A Review of: Personalised Information Warfare—The New Homeland
Defense, by C Valli, JIW, Volume 2, Number 3, Published 2003

This paper, written when it was estimated there were 500 million personal computers in use, compared to the 5 billion in 2025, was describing an environment that has completely changed. However, the trends pointed out in the paper predicted many of the actualities of the present. The theme of personalized attacks was beginning to gradually increase at the time, with machines being attacked but also specific individuals by activities such as social engineering being perfected. Of course, this was inevitable as people were attached to their ‘own’ machines and networks. Organisations had personal computers since the early 1980s, but they tended to be separated from mainframe applications so, without that link from the Internet to the mainframe, the threat was often considered less important. However, early in this century the links began to merge. In organisations, the convenience of the applications made attacks on the ‘lesser’ networks become an attractive target.

A Review of: A Systems View of Information Warfare, by H Friman,
JIW, Volume 1, Number 1, Published 2001

Friman’s paper proposes a systems approach to Information Warfare issues. It was officially published when the Journal of Information Warfare was released at the InfoWar.com conference held in Washington, D.C., the week before the 9/11 terrorist attacks. This event changed most of the approaches to information-related approaches to conflict. The paper outlines the systems approach, which integrates both physical and psychological elements—which became essential in the new environment of the collectivisation of the targets in influencing entities using information systems. The output became targeted at groups both internal and external to the creators of systems for behavioural change.

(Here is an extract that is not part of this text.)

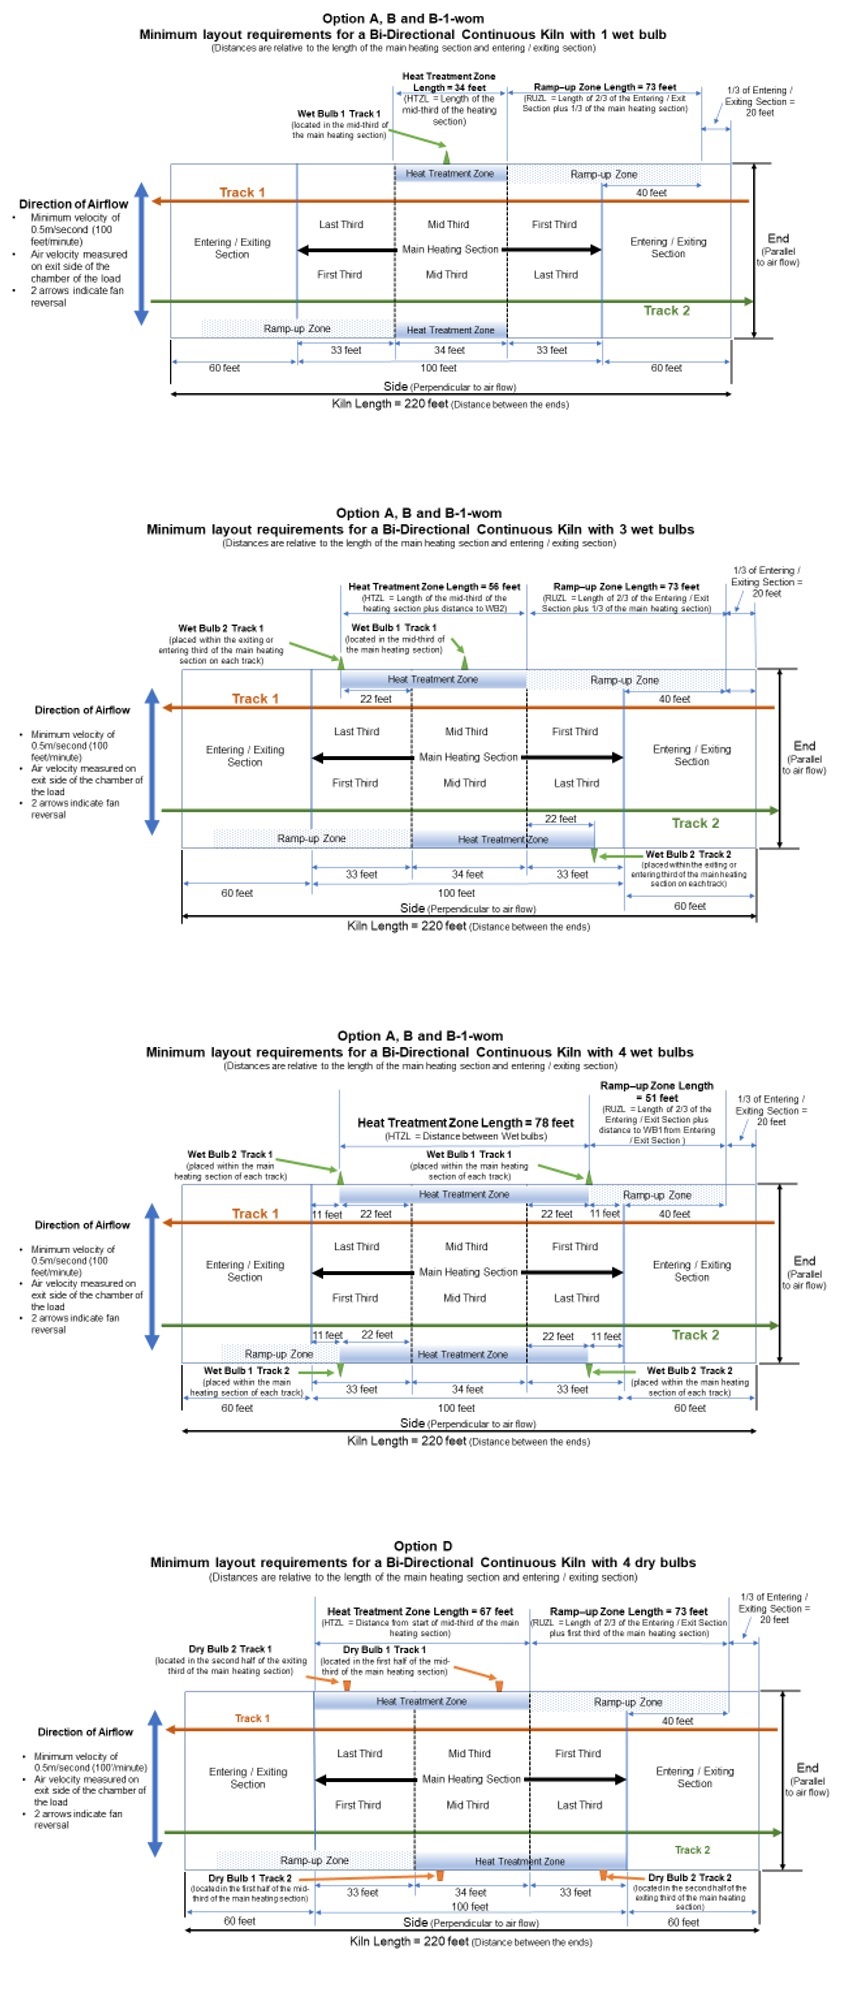 Appendix D: bi-directional continuous kiln layout diagrams. Description follows.

The interest in systems (and information warfare) was high in Sweden at the time. The history of systems’ thought was also high. Throughout the latter half of the 20th century, many systems approaches were developed. These included ‘hard’ approaches such as Forrester’s ‘System Dynamics’ that emphasised feedback loops and linkages between elements of the system. It certainly presented a leap ahead but was still using the Closed (or Machine) metaphor. Beers Virtual Systems Model had a cybernetic flavour and used a fixed approach, as it specified the essential components necessary for each data component and the interactive flows between them for an effective system to work. Checkland offered another open (organic) metaphor called Soft Systems Methodology, which put emphasis on as many opinions involved with the problem that were involved in the problem’s solution. This was a reaction to the failure to provide information systems that were expensive and which failed to provide adequate service for its users. Thus, this ‘organic’ process to draw a boundary around the system provided many elements that would have previously been omitted. Also, it showed relevant functions outside the system and how they related to it.